26 This was a case in which neither party had applied for permission to be legally represented. The first defendant has no legal qualifications. He appeared in person. The conduct of the hearing was in the control of the Tribunal. The first defendant presented his evidence and left the conduct of the hearing and the questions of the relief to be granted in the hands of the Tribunal. The material placed before it led the Tribunal to the view that the relief granted should have been given. If the plaintiff had been present, it could have addressed these matters in the course of the hearing. It needs to be borne in mind that the hearing of the application should not be viewed as being similar to court proceedings. The Tribunal is required to act with as little formality as the circumstances of the case permit and inter alia according to the substantial merits of the case without regard to technicalities or legal forms (s 28 (3) ). In my view, what happened during the hearing does not throw up any matter which would justify a disturbing of the decision.
27 I should also add that the orders made by the Tribunal record the noting of an amended claim. The first defendant did not seek to have any amendment made. Presumably any amendment was brought about by the Tribunal on its own motion. The Act provides that amendments made without notice are to be treated as irregularities. Jurisdiction in relation to irregularities is given to the Tribunal.
28 It is claimed that no reasons were given for the making of the order that the first defendant be relieved from paying the sum of $8,335.50 (in respect of the balance of the contracted roofing works).

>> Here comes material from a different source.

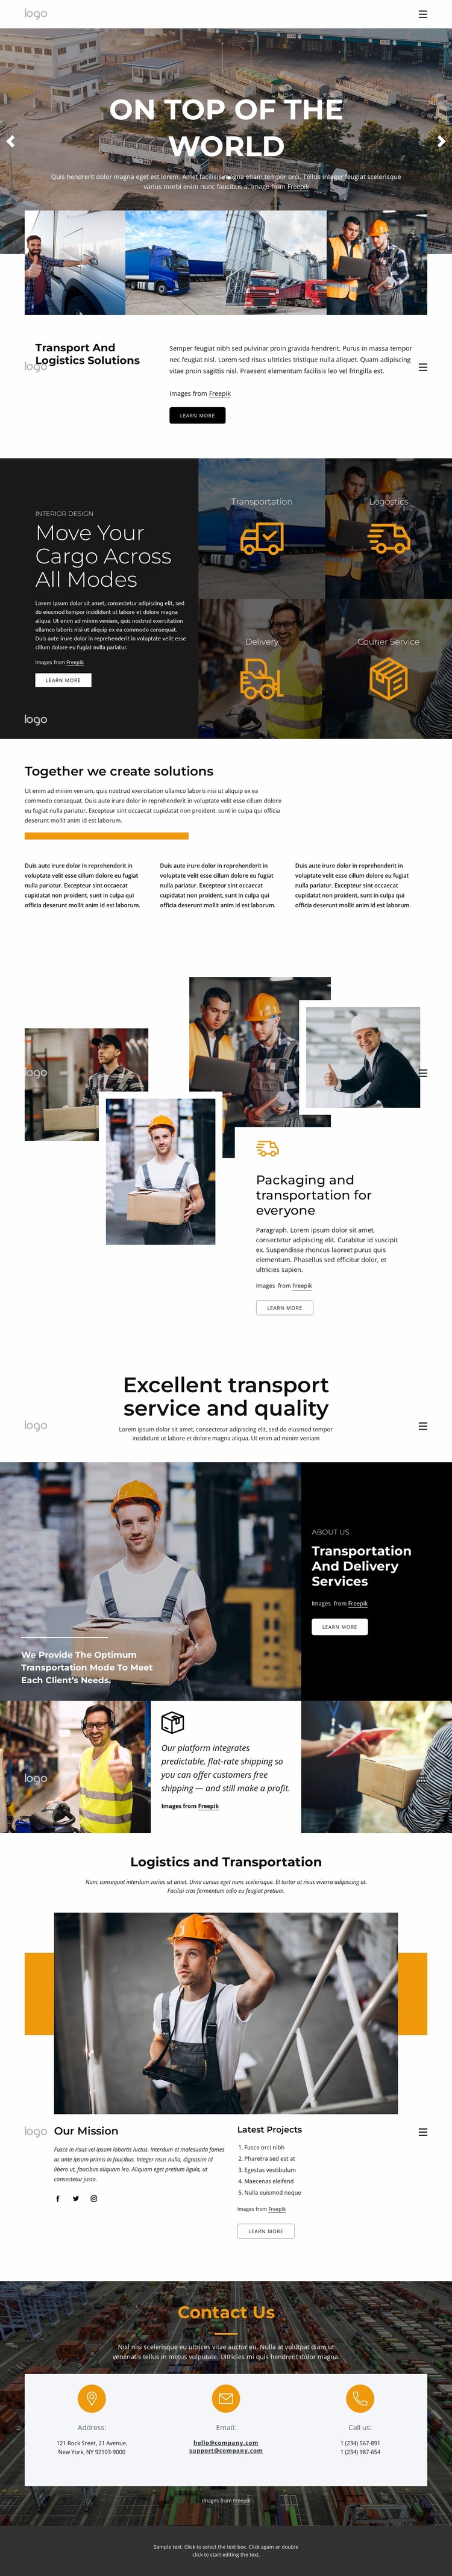 Transportation and logistics management Website Mockup

29 Alternative arguments were put in opposition to this contention. It was said that the Act had taken away any requirement to give reasons. In the alternative, it was said that if reasons were required, then the reasoning process had been sufficiently disclosed.

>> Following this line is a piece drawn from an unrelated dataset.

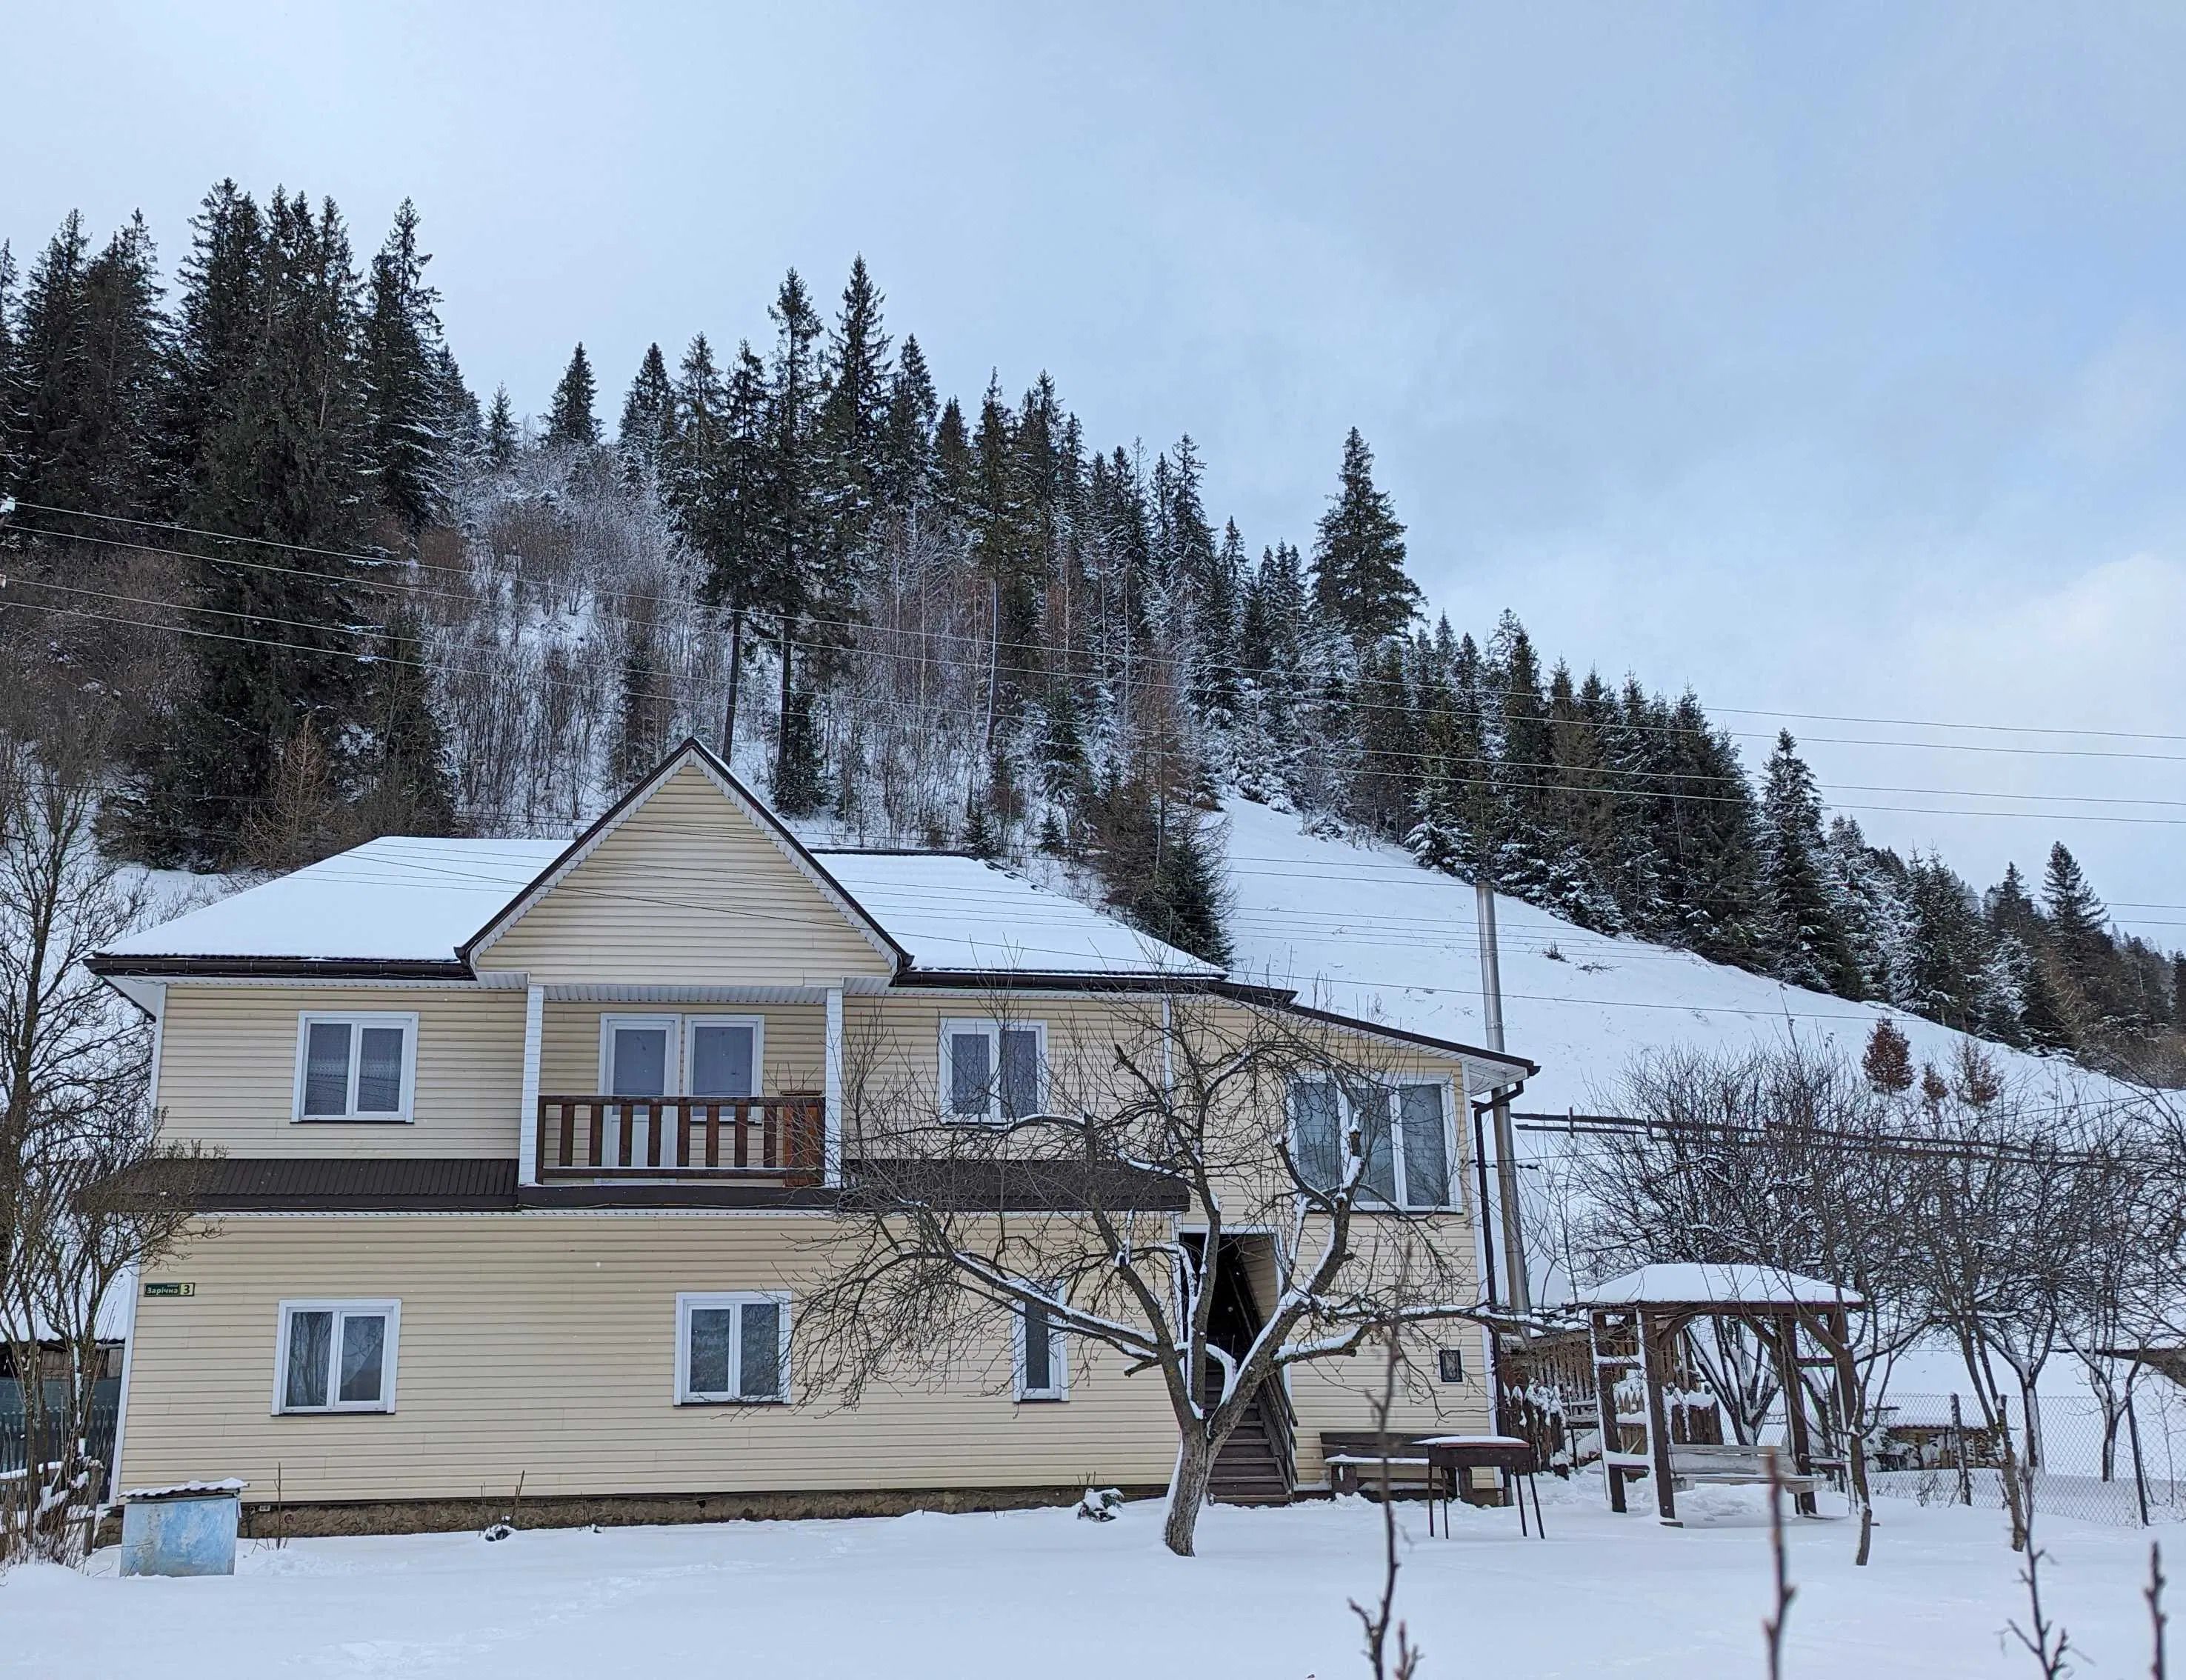 Аренда жилья в лыжный сезон - сколько стоит жилье посуточно в популярных местах - Недвижимость

30 Section 49 of the Act deals with the matters of the giving of notice of decisions and statement of reasons for decisions. The structure of the section enables a party within 14 days of receiving notice of the decision to request the Tribunal to provide a statement of reasons for its decision. There is provision for extension of time. In this case, no extension was sought and the request was not made within the prescribed 14 days. However, voluntarily reasons for decision were provided.
31 It may be that in these circumstances, the Tribunal was not required to provide reasons. However, for present purposes, it is unnecessary to further pursue this question. I consider that, the reasoning was sufficiently disclosed.

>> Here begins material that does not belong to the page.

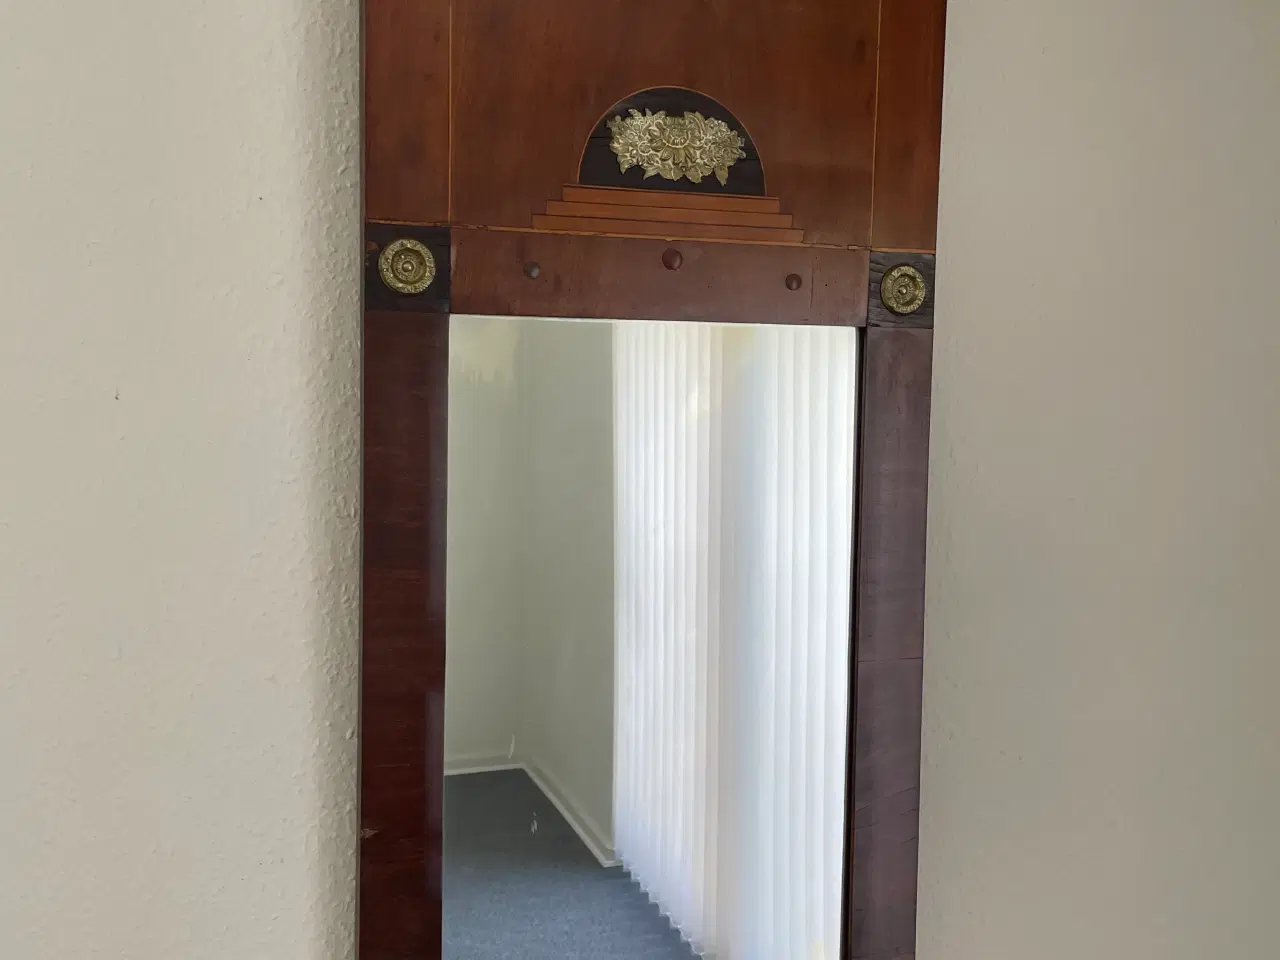 Billede 2 - Antikt spejl

32 The cases demonstrate that what will be sufficient will vary from case to case. In the present circumstances, a Tribunal was deciding an ex parte application. The reasoning process need not be expressly disclosed. It can sufficiently appear by implication (see inter alia Madden v NSW Insurance Ministerial Corporation [1999] NSWSC 196).
33 In my view, this is one of those cases where the reasoning process can be discerned by implication from other material appearing in the reasons. The reasons identify the evidence that was led and contain the findings made by the Tribunal. In my view, the order made can be seen to flow from that material.
34 It may be that it was intended by Parliament that the rehearing provisions would provide a remedy for cases where a party does not appear at a hearing. If that was the case unfortunately for the plaintiff, the claim fell outside the jurisdictional limitations of s 68.
35 My consideration of the grounds argued by the plaintiff has led me to the view that the challenge should fail on the question of merits. In the circumstances, it would be futile to grant any extension.
36 The plaintiff bears the onus of satisfying the court that it is entitled to the relief sought. In my view, it has failed to discharge that onus.
37 The Summons is dismissed. The plaintiff is to pay the costs of the Summons. The Exhibits may be returned.